Quel 38,5% alla voce “Altri” è composto da editori indipendenti che fanno bene a preoccuparsi, ora più di prima. A fronte di un numero di realtà decisamente superiore rispetto a quella delle majors, il fatturato degli indipendenti è decisamente esiguo in virtù del fatto che i titoli editi e le copie stampate sono solo una piccola fetta dell’intero mercato.

Titoli e copie editoria 2014

Che questo fosse un paese dall’editoria in crisi già si sapeva; che questo diventerà il paese del libro unico potrebbe essere una prospettiva reale. Oltre ai dati sopra riportati va detto che l’unica via possibile oggi, se non si è una realtà editoriale di punta, è quella di consorziarsi con altre imprese, come nel caso della Gems( Gruppo editoriale Mauri Spagnol): la casa editrice di Stefano Mauri è oggi la seconda realtà dominante nel mercato librario ed è di fatto costituita da diverse case editrici quali Longanesi, Rizzoli, Corbaccio, la Coccinella… Va da sé che per le piccole realtà editoriali sia più complesso riuscire a trovare partner commerciali con cui essere competitivi sul mercato e che questo tipo di fusioni ha insito il rischio di un appiattimento delle peculiarità di ogni singola realtà.

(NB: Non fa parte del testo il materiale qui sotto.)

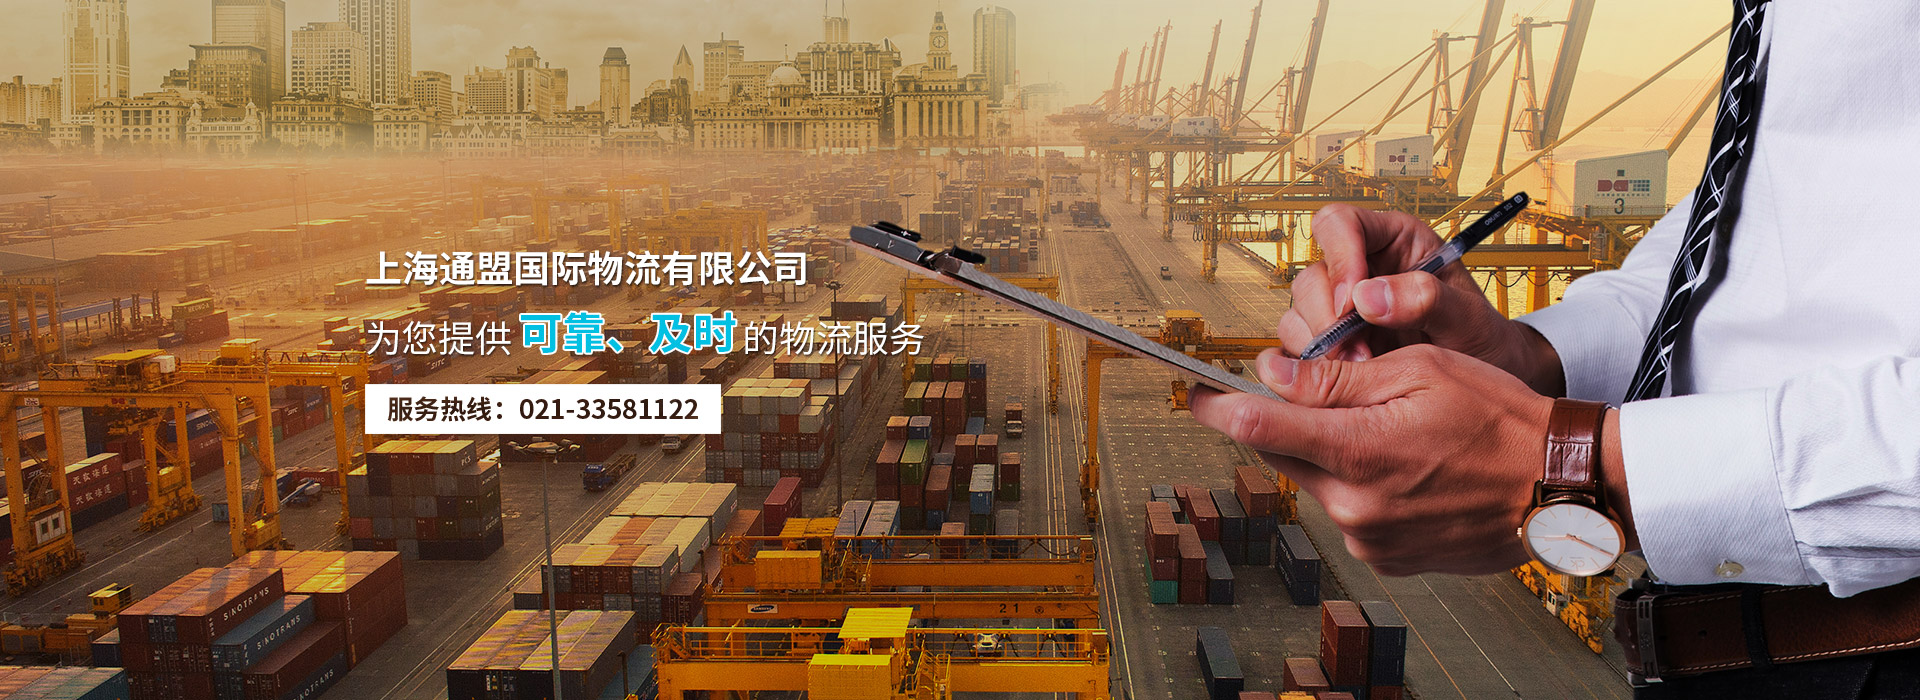 上海通盟国际物流有限公司
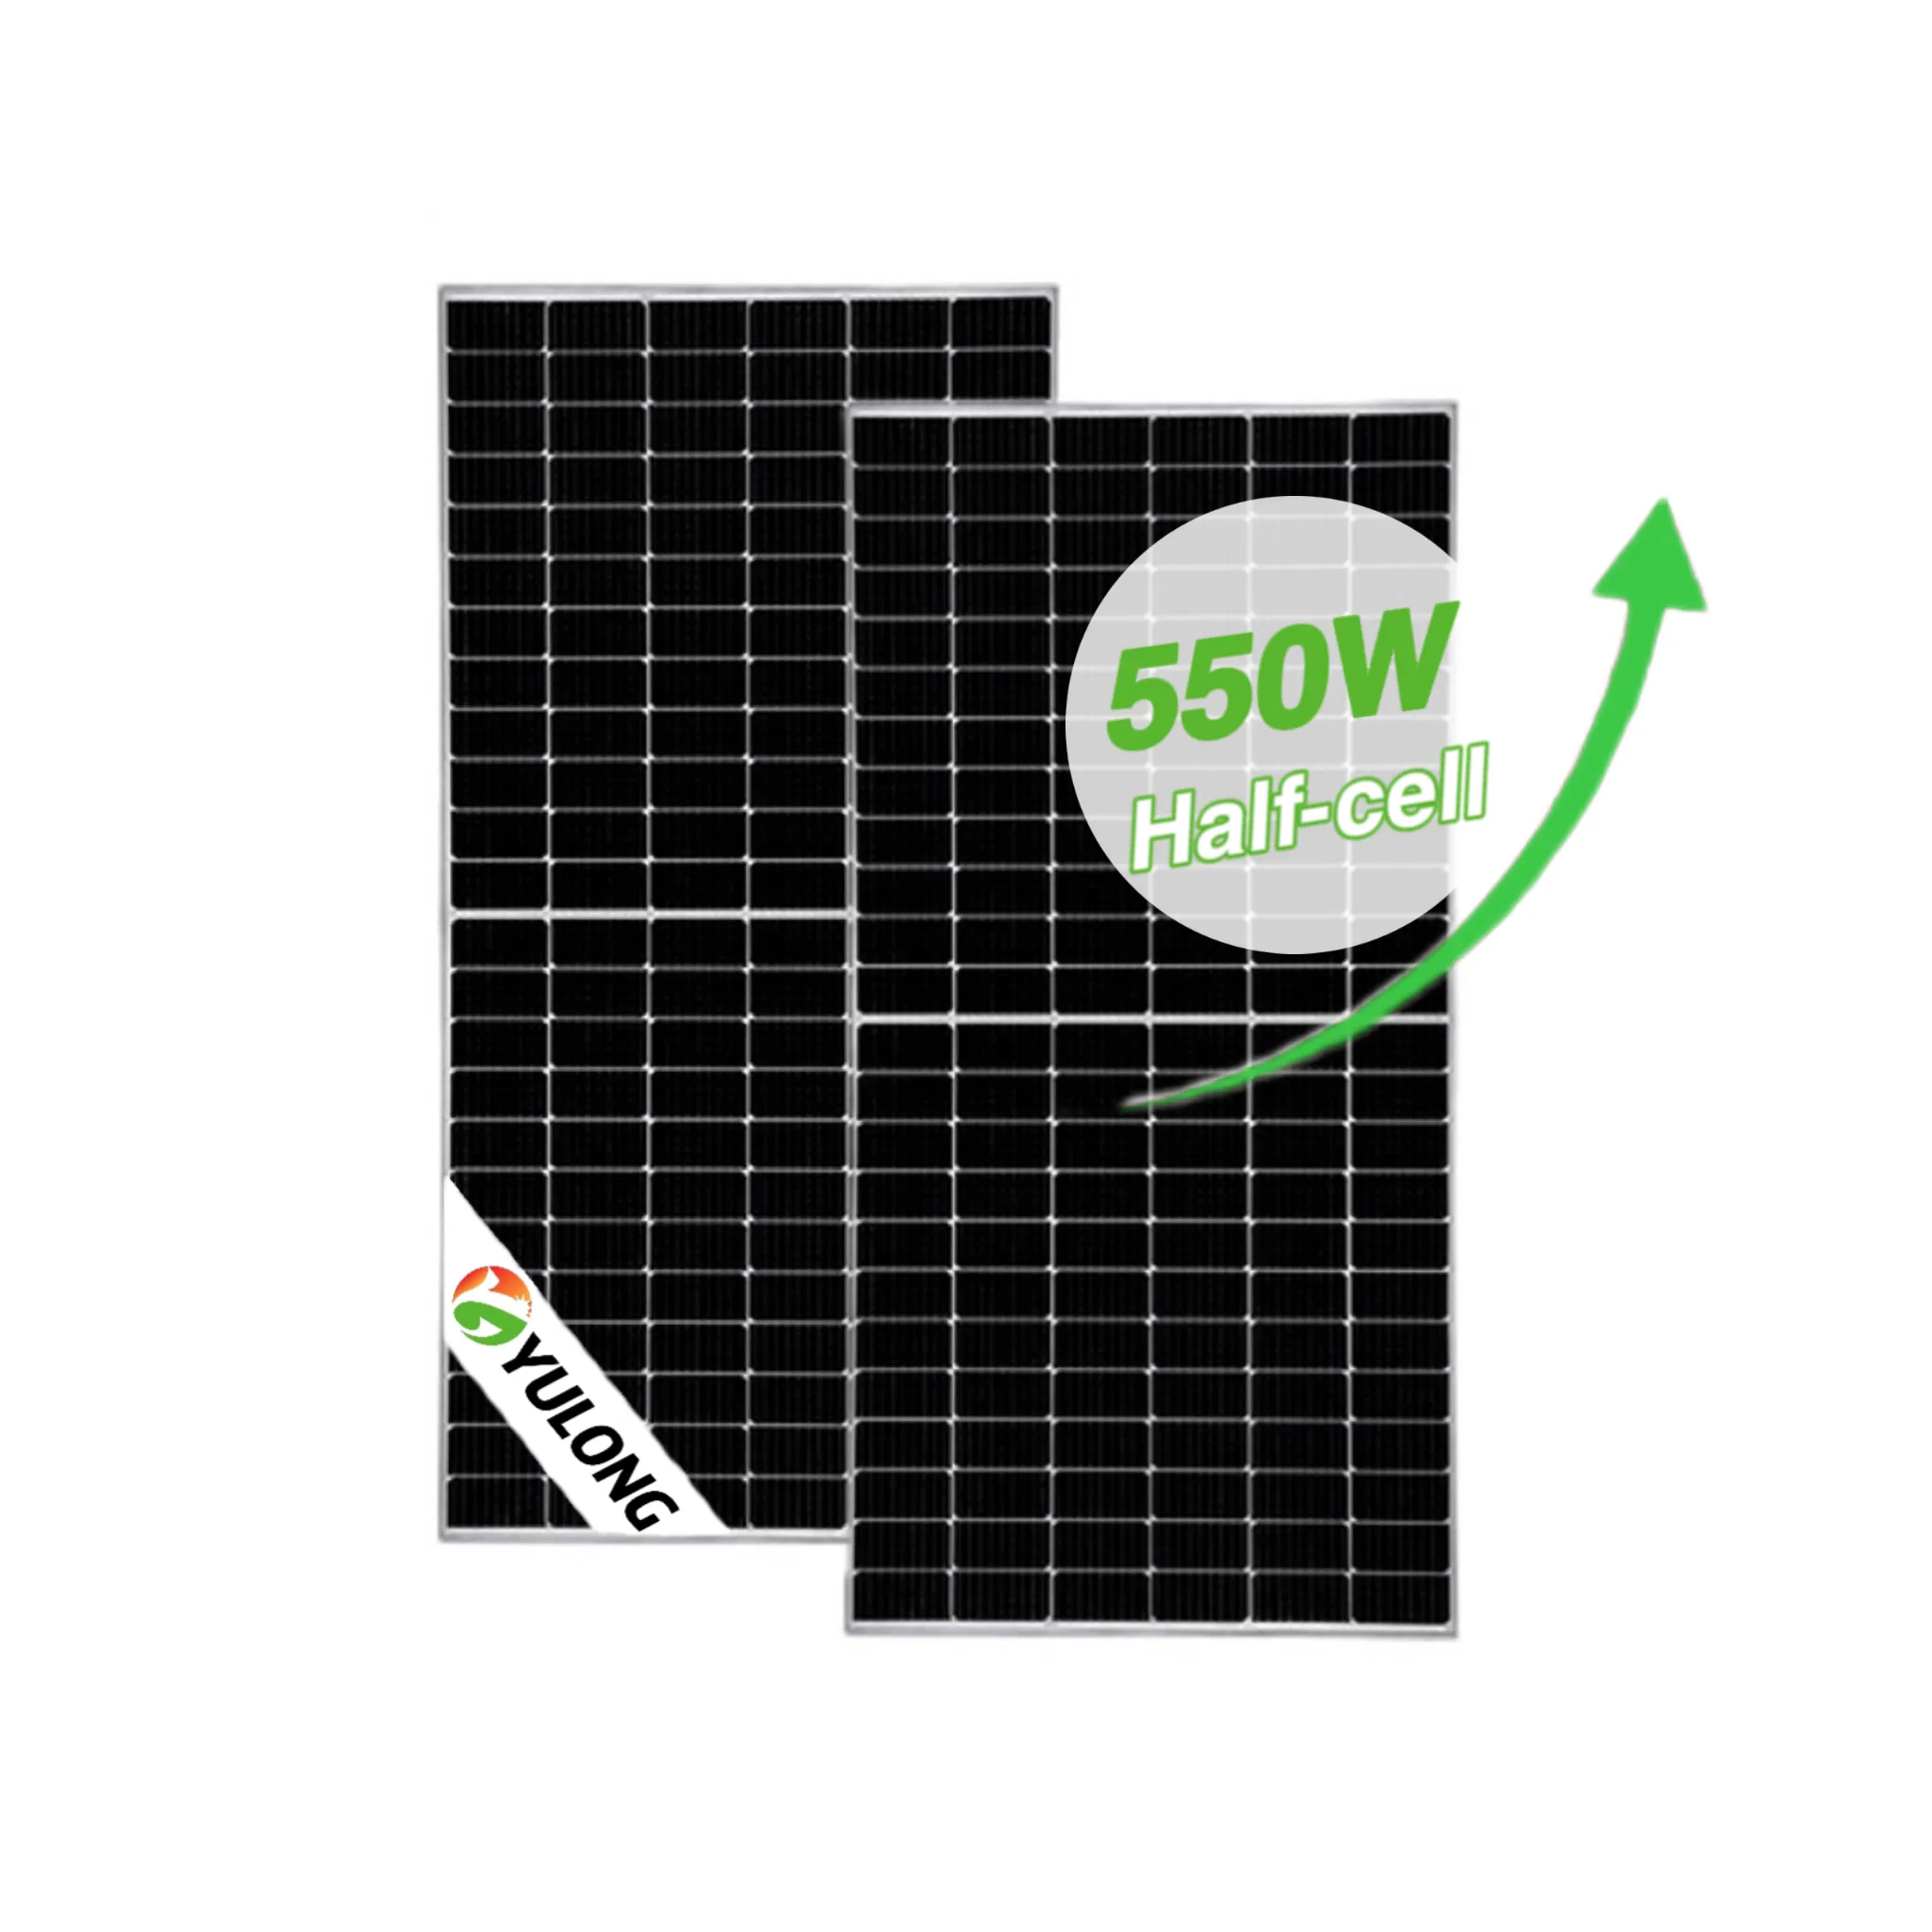 Panel solar multifuncional de suministro de fábrica de 580W con certificación Tuv/Ce para ventas al por mayor

Correrà lo stesso rischio anche la Rcs? O meglio, la Rcs dovrà sottostare agli ordini di scuderia della Mondadori? Almeno dalle dichiarazioni sembrerebbe di no, eppure è già certo che 23 grafici editoriali(su 26 totali) del periodico Focus saranno licenziati causa esubero( fonte: Il Manifesto). Rcs avrebbe venduto per riuscire ad appianare i debiti accumulati negli anni evitando l’obbligo di una ricapitalizzazione dei propri soci, ma nello stesso periodo anche Mondadori ha accusato una certa flessione del capitale. In pratica, questa è una fusione che rispetta le leggi del capitalismo, “espandersi e acquisire quando è possibile”, ma questa non è una formula che garantisce il sanamento della crisi editoriale, mentre promette nuove difficoltà per la piccola editoria.

Questi dati, compreso il fatto che un monopolio di tali dimensioni sia un’esclusiva tutta italiana, dovrebbero far ripensare alle leggi che regolano questo mercato, oltre a dover dar da riflettere all’Antitrust che dovrà esprimersi sul caso entro sessanta giorni. Difficile però che cambi la realtà dei fatti, oltre all’apertura di un’istruttoria e all’ascolto delle parti in causa l’Antitrust non si spingerà; così come l’acquisizione di Einaudi 21 anni fa da parte di Fininvest, la più grande acquisizione nella storia dell’editoria italiana è destinata a essere realtà effettiva.